Our study found that the inclusion of demographic features such as marital status, Indigenous ethnicity from linked hospital admissions data improved the performance of the prediction models. The average AUC was similar for predicting ACS (AUC 0.71). However, the performance was higher while predicting the risk of all-cause mortality (AUC 0.81 vs 0.84) and composite outcome (AUC 0.77 vs 0.78), with no overlap in their confidence intervals.

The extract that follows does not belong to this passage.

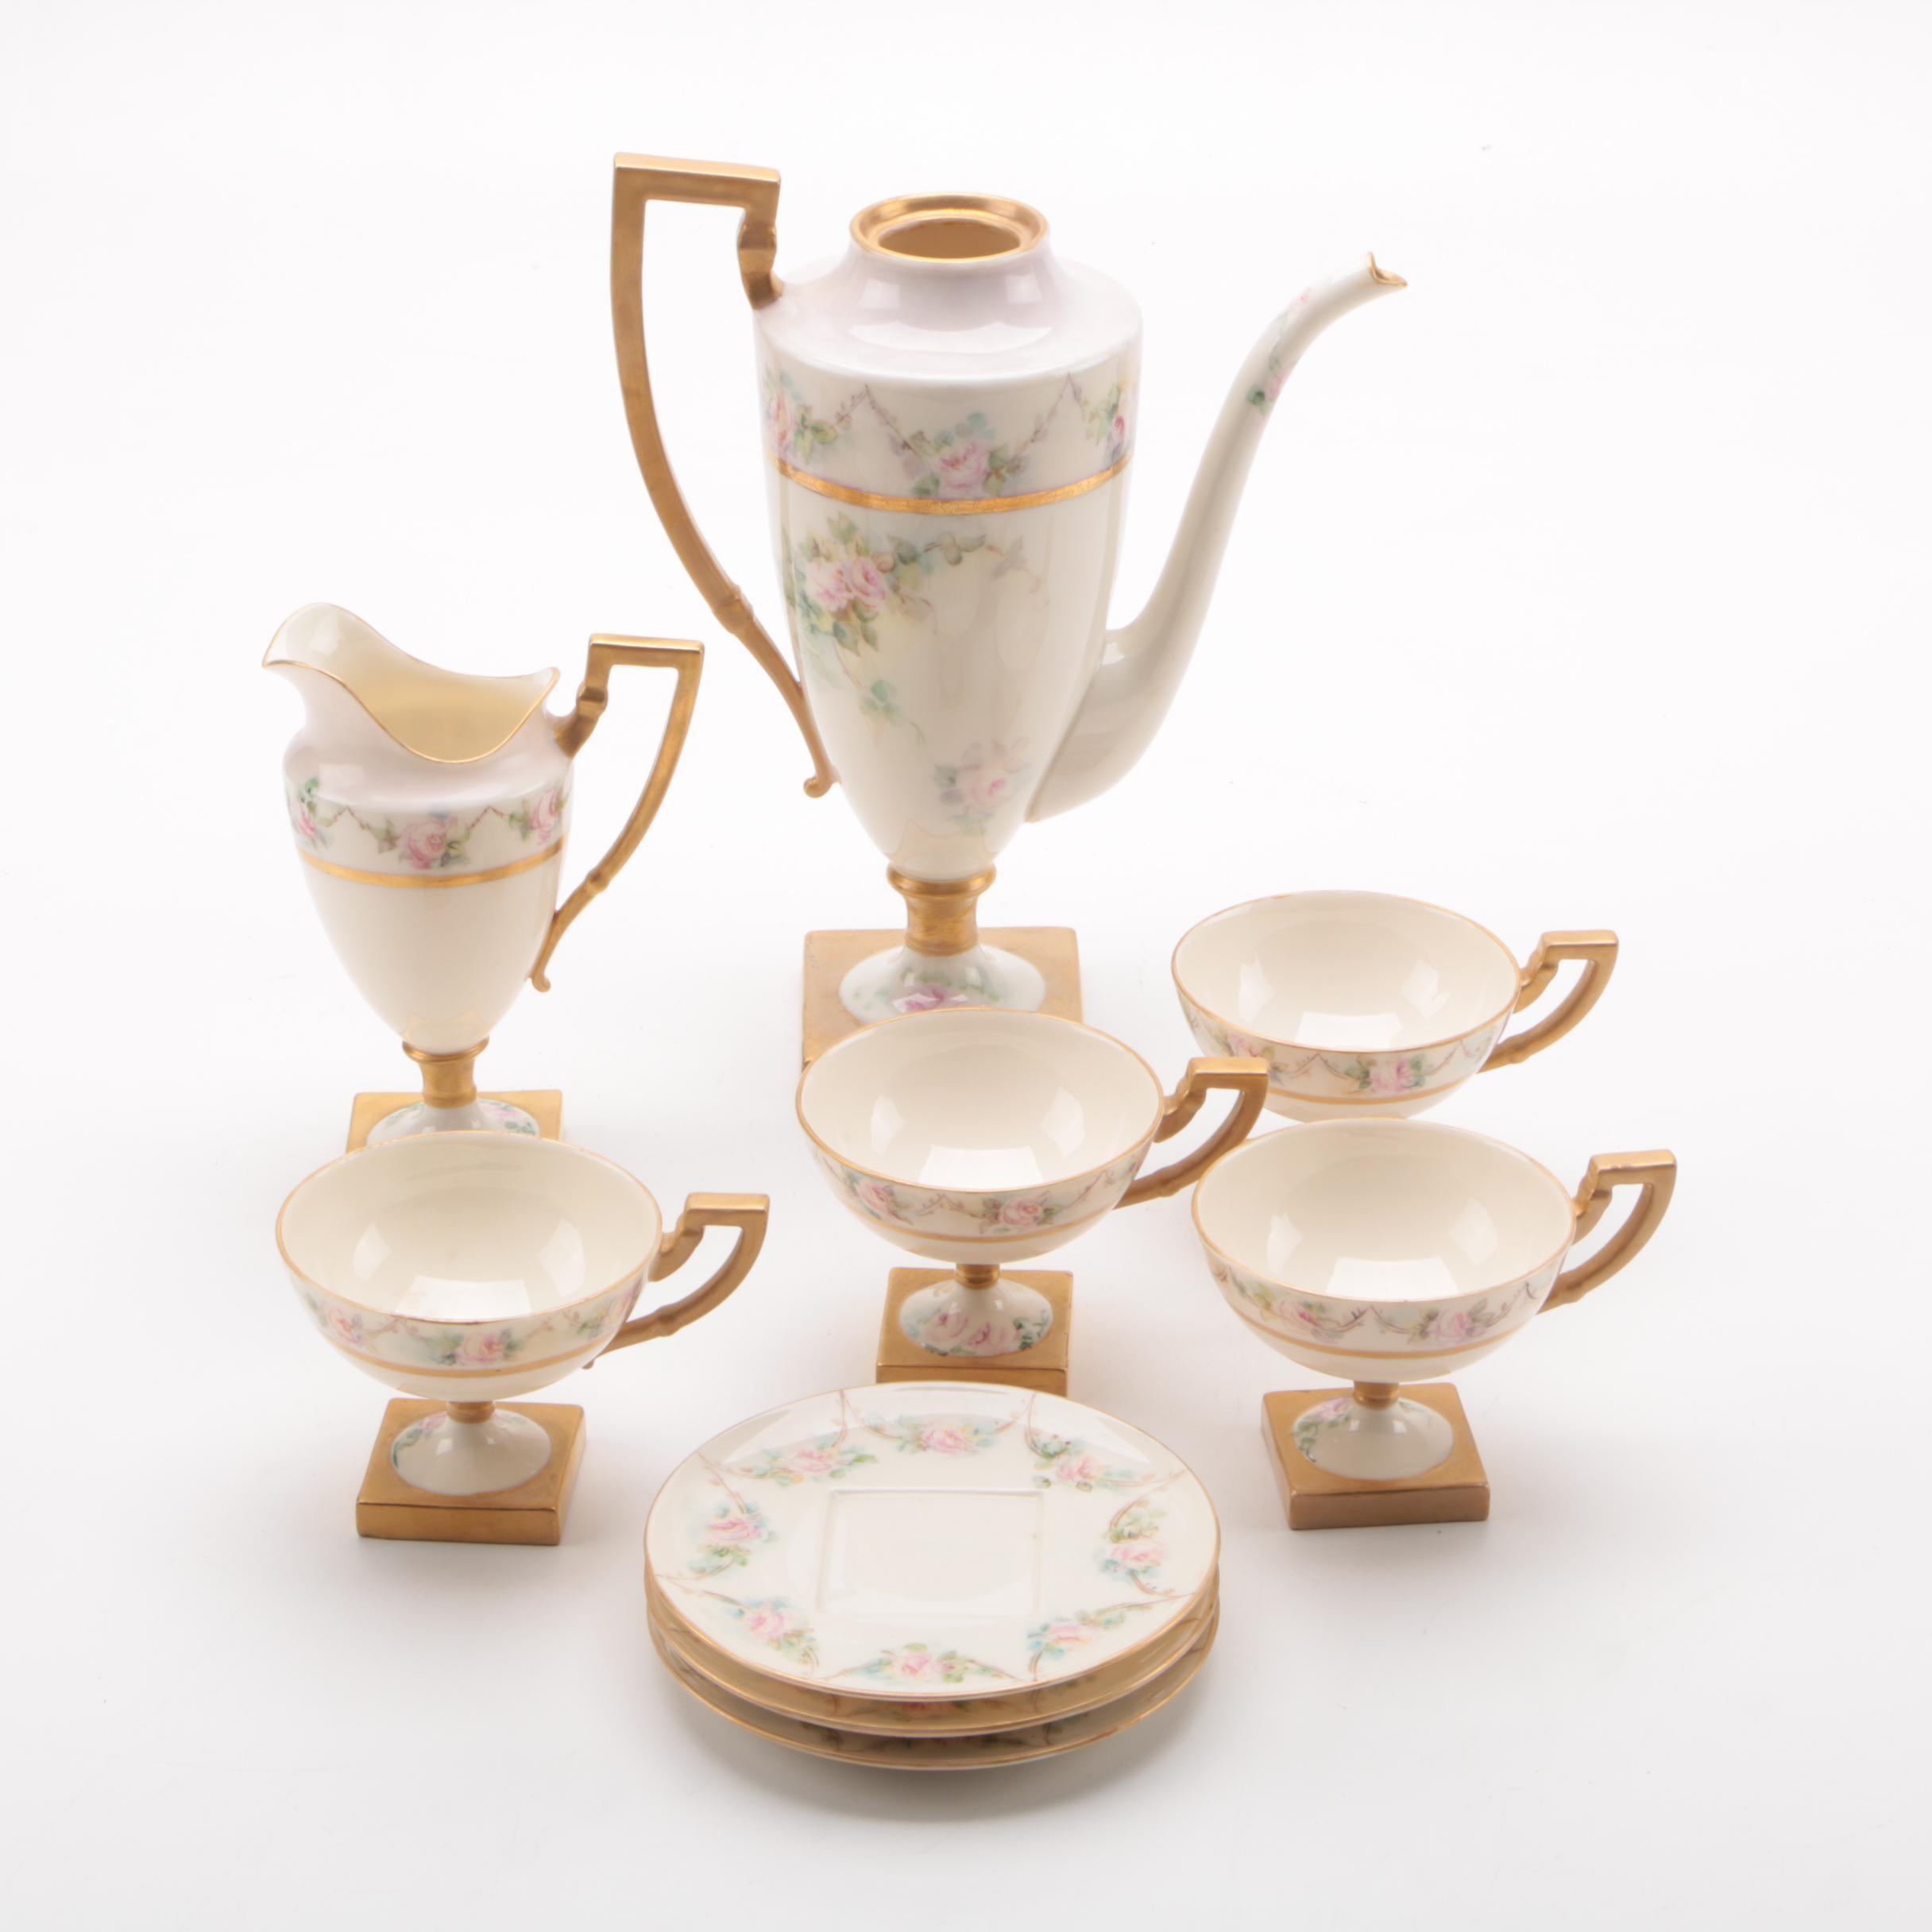 Antique American Belleek Coffee Service 1889-94

Previous studies have shown that marital status is associated with adverse cardiovascular outcomes and mortality was higher in an unmarried population38,39. Studies have also shown that Indigenous Australians have a greater risk of cardiovascular disease and death40,41.

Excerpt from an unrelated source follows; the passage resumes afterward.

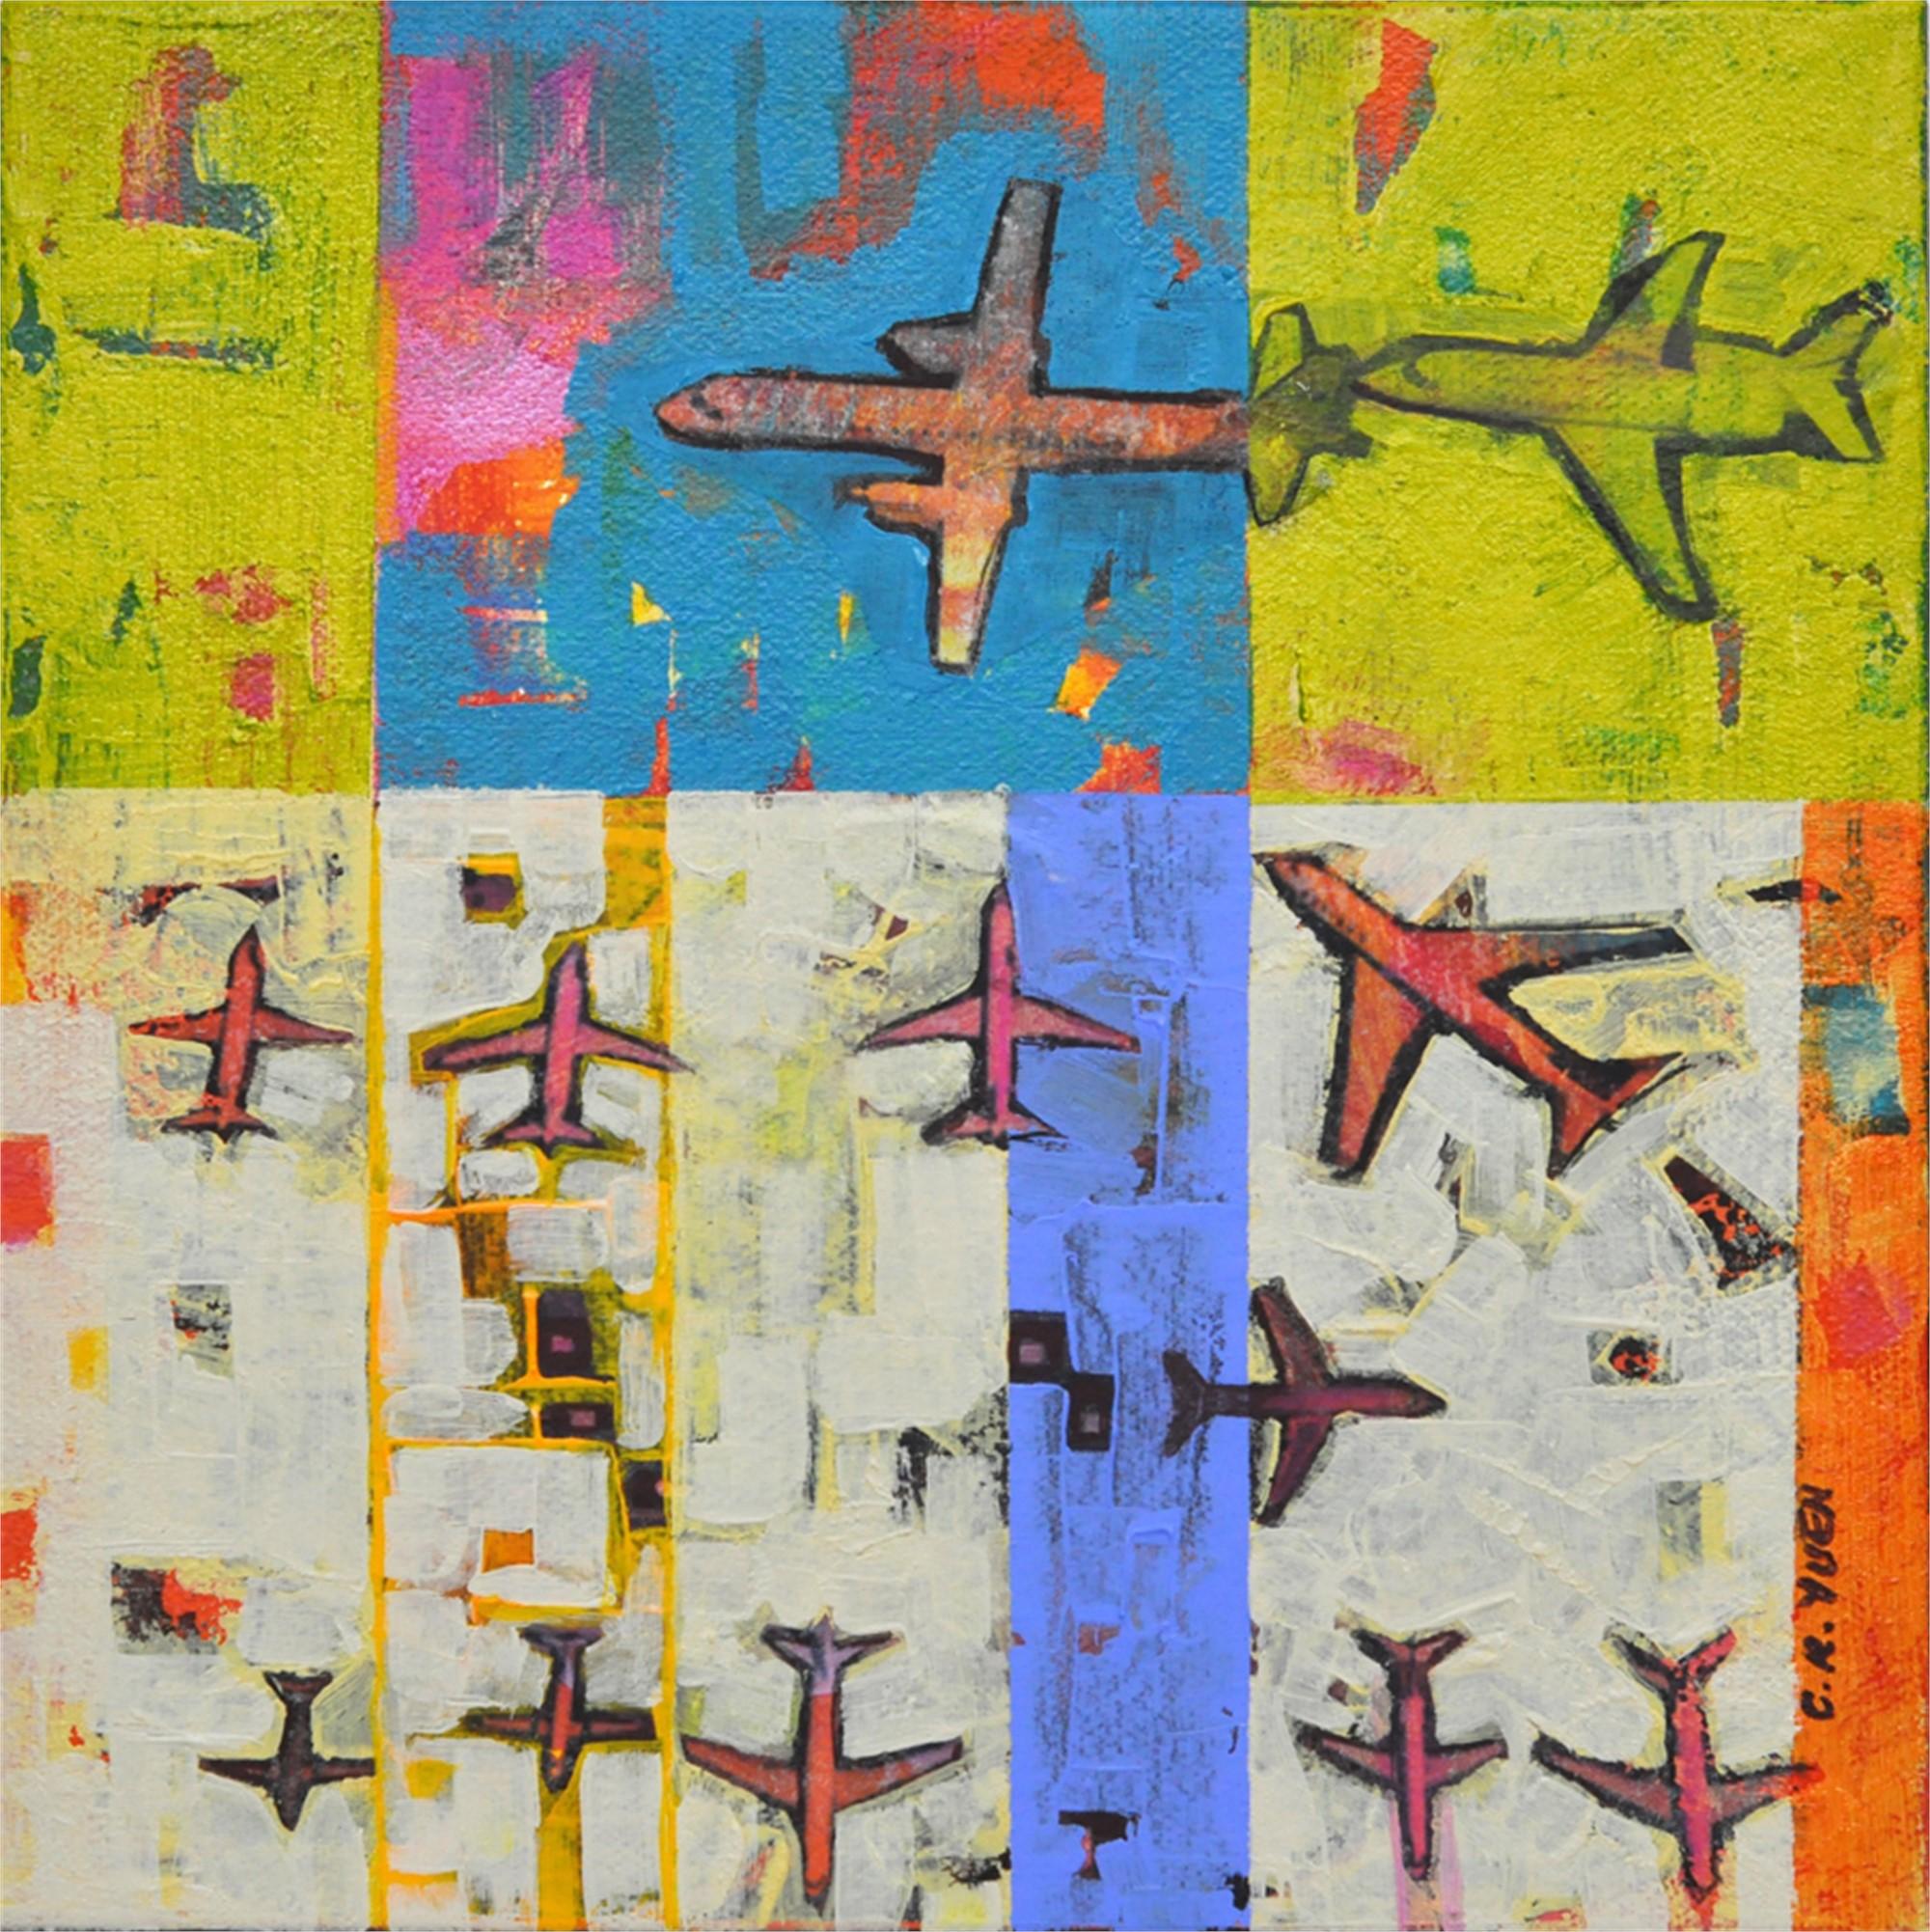 Par Avion by Chin Yuen

We extracted additional features from the hospital admissions dataset, including patients’ previous length of stay (days) in the hospital for each comorbidity, and the number of days patients spent in intensive care units (ICU) before their first supply. This set of features were presented as continuous variables. We included this set of features to test whether it would improve the risk prediction. However, there were no performance gains by adding continuous variables such as length of hospital stay of previous comorbidities and days in ICU. The AUCs of all the outcomes were similar to models that did not include these extra features. Hence, we dropped these features to reduce model complexity.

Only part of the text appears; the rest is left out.